To assess whether miR-122 functions in protecting the 5’-end of viral RNA from Xrn2 degradation, the susceptibility of modified HCV domain I-containing RNAs to Xrn2 attack was tested in the presence of miR-122 or miR-124. When HCV RNAs were incubated with miR-122, 5’ monophosphorylated-, 5’ triphosphorylated-, and capped-HCV RNAs were protected from degradation by Xrn2 (Fig. 3B middle). This finding shows that the recombinant Xrn2 protein does not contain endonuclease activity. In contrast, the unrelated miR-124 failed to provide protection of 5’ monophosphorylated or 5’ triphosphorylated HCV RNA domain I RNAs from Xrn2-mediated degradation (Fig. 3B bottom). These results provide strong evidence that Xrn2 associates with HCV RNA and that miR-122 protects the 5’-end of the viral genome from degradation by Xrn2.

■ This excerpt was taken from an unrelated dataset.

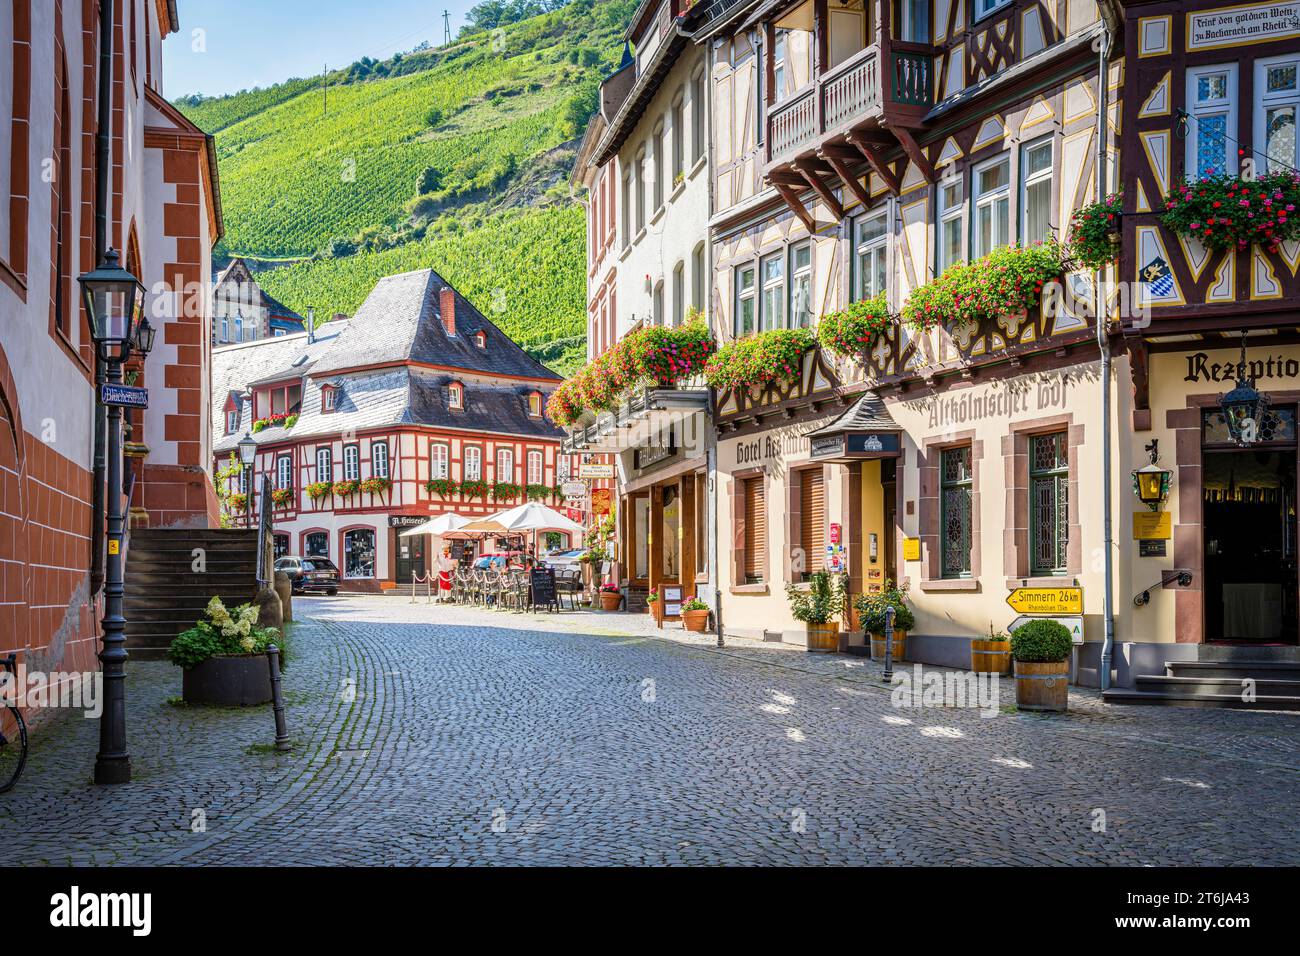 Ville de Bacharach sur le Rhin moyen, route de Steeg, bordée de maisons historiques à colombages, cafés de rue et hôtels Banque D'Images

Enhancement of HCV RNA abundance during sequestration of miR-122 and concomitant depletion of Xrn2
MicroRNA-122, which has a 5’ monophosphate, is known to stabilize HCV RNA. To determine whether Xrn2 degrades miR-122, Xrn2 was depleted by siRNA-mediated gene knockdown. Figure S3A shows that Xrn2 depletion had no effect on miR-122 abundance in both uninfected and HCV-infected cells. These results show that, unlike mature microRNAs in C. elegans (Chatterjee et al., 2009), human miR-122 is not degraded by Xrn2.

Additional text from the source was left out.